По внешности они так же рослы и крепки, как их мужья и сыновья; да иначе и быть не может; откуда же тогда брались бы такие мужья и сыновья, если бы женщины были хилые? Какова женщина, таково и ее потомство.
Немецкие женщины не хлопочут о новых «правах»; они вполне довольны и старыми. В политических же правах они и совсем не нуждаются. Те женщины, которые и в Германии стали требовать себе этих прав, или не настоящие немки, или же испорченные модным образованием; истинная немка относится к этим затеям с полным осуждением и презрением.

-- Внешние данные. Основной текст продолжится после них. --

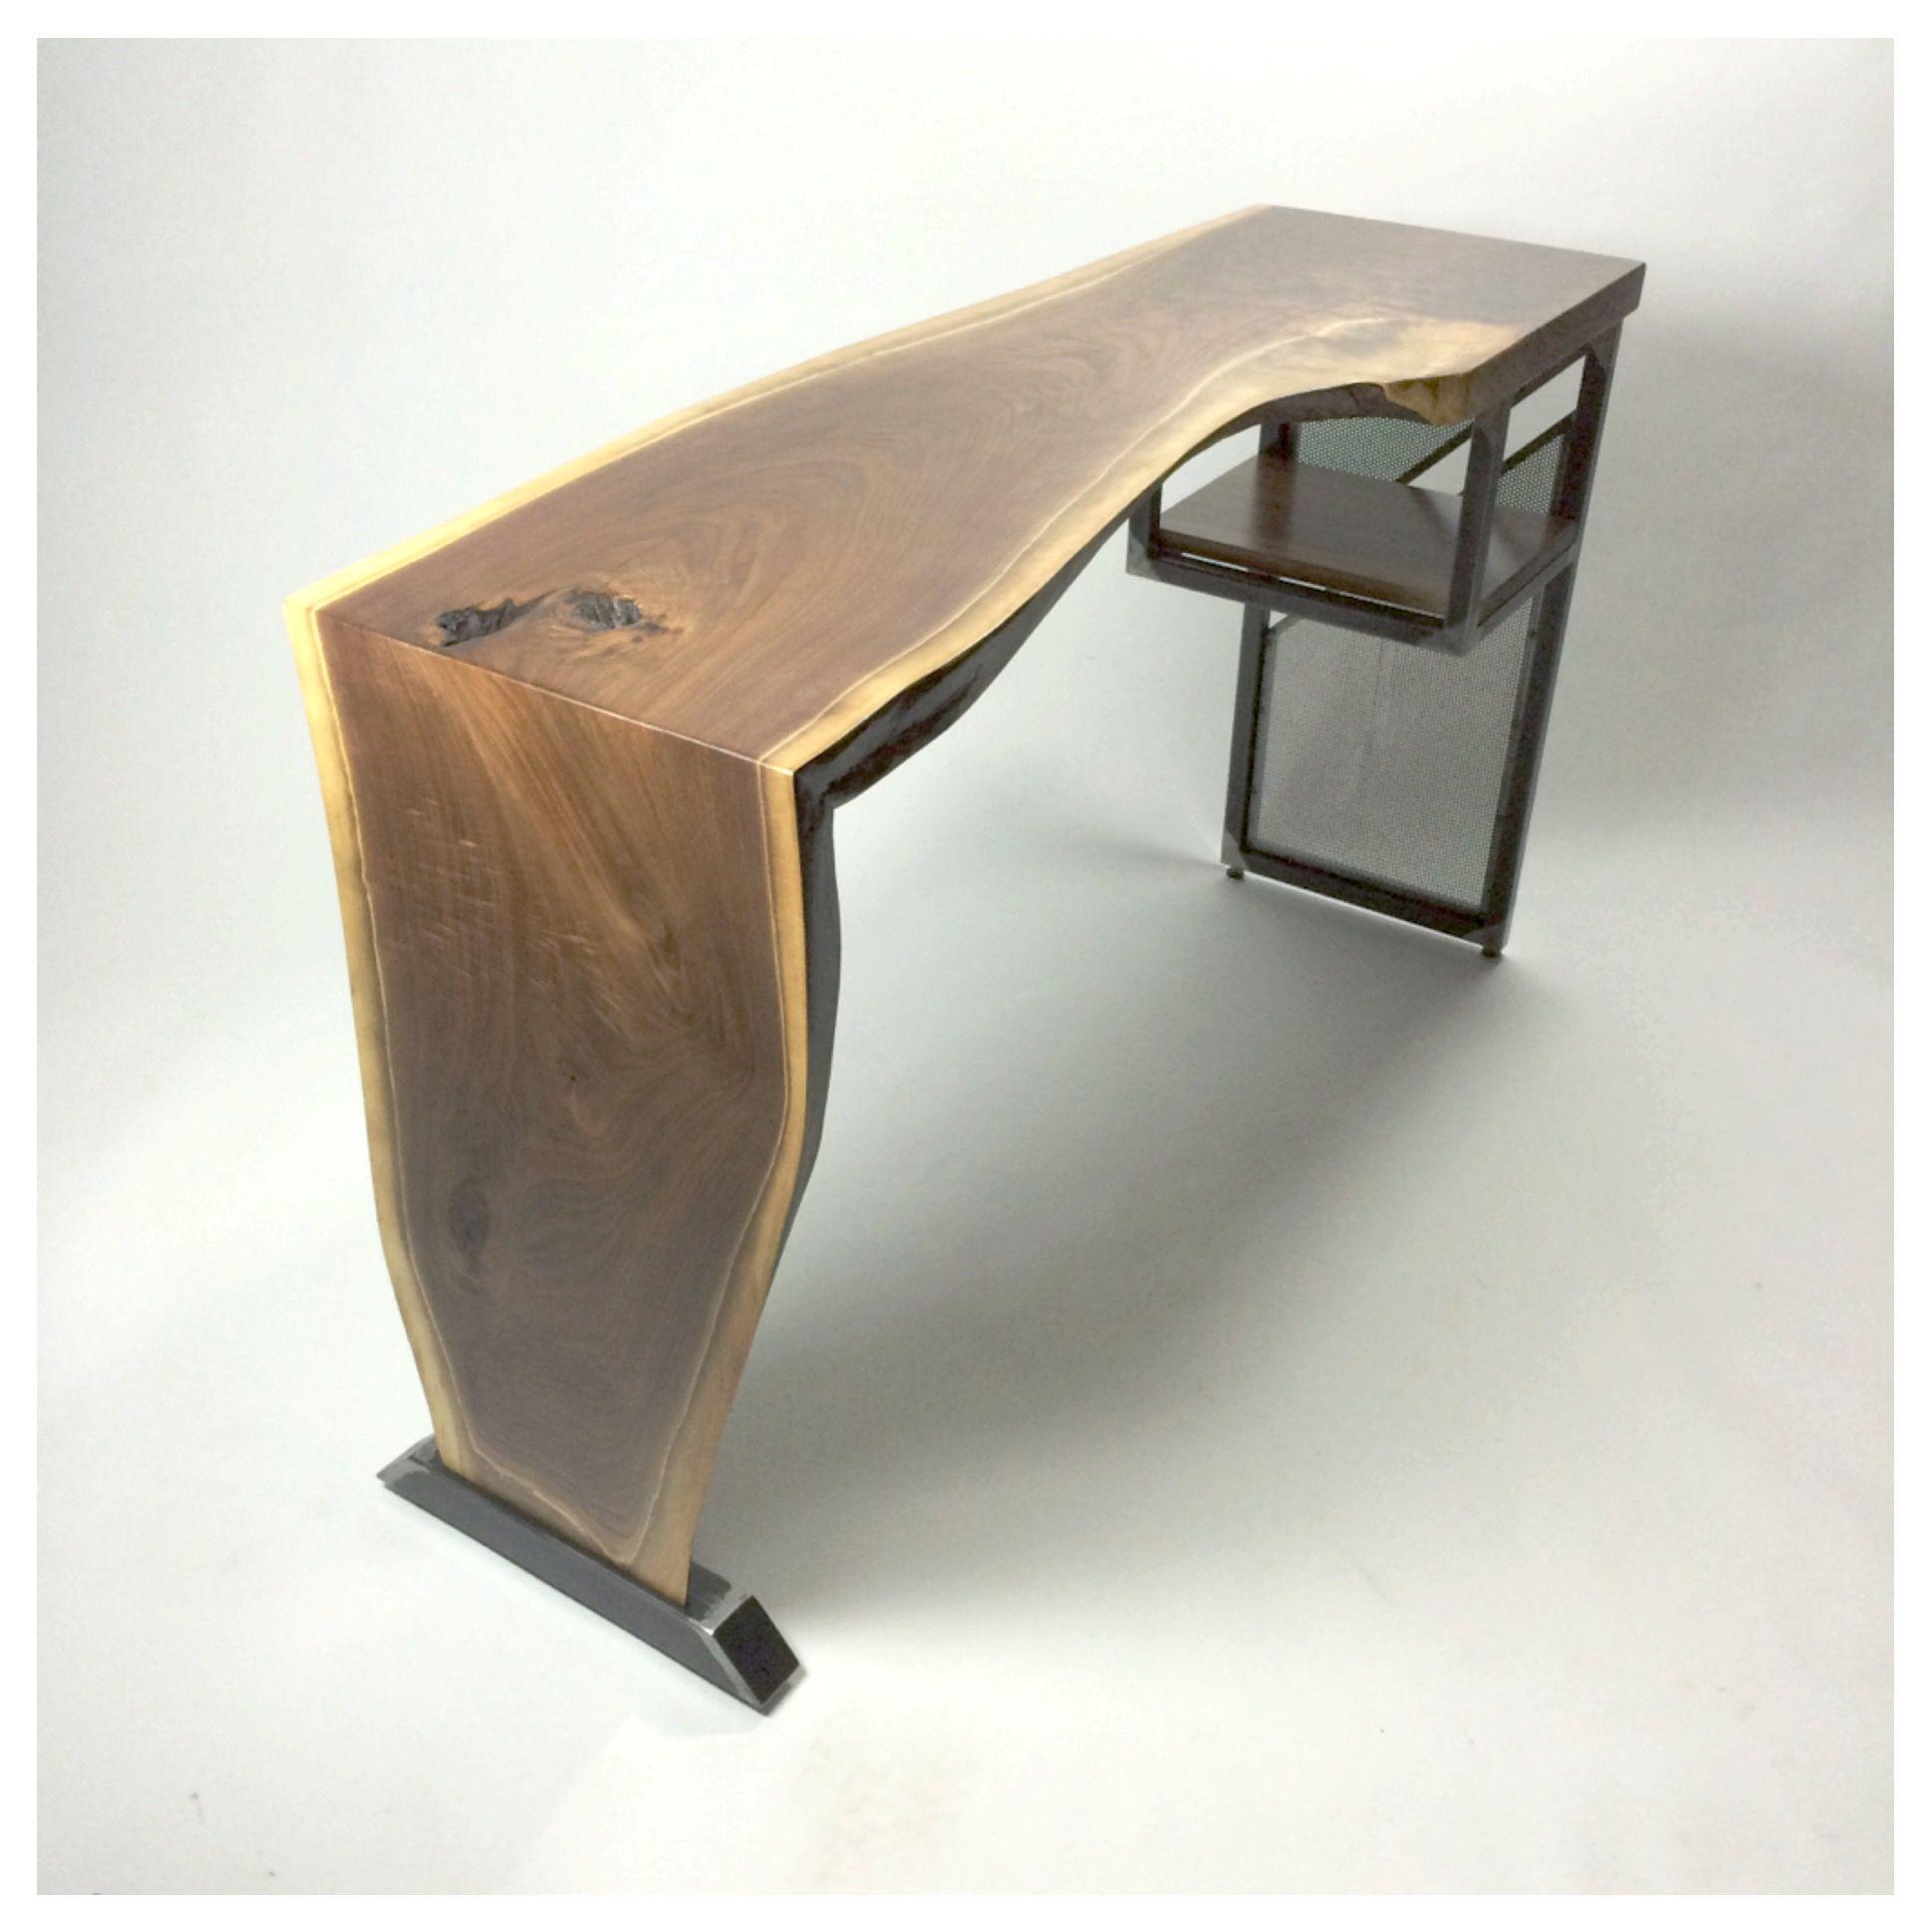 Handmade Live Edge Waterfall Desk Modern Industrial Steel

Немецкие мужья относятся к своим женам с любовью, уважением и заботливостью, но в слащавостях пред ними не расплываются, как это делают другие народы, млеющие перед юбкою. Немцы любят женщину, но не ползают пред нею на коленях, не делают из нее кумира. У немецких женщин и сомнения нет в том, кто должен управлять государством и кому следует заведовать хозяйством и воспитывать детей. Этот вопрос решен ими давно, и они не находят нужным перерешать его. Немка не лезет ни в политические деятели, ни в законодатели, ни в полководцы, но довольствуется своим природным назначением — быть женой, матерью и хозяйкой.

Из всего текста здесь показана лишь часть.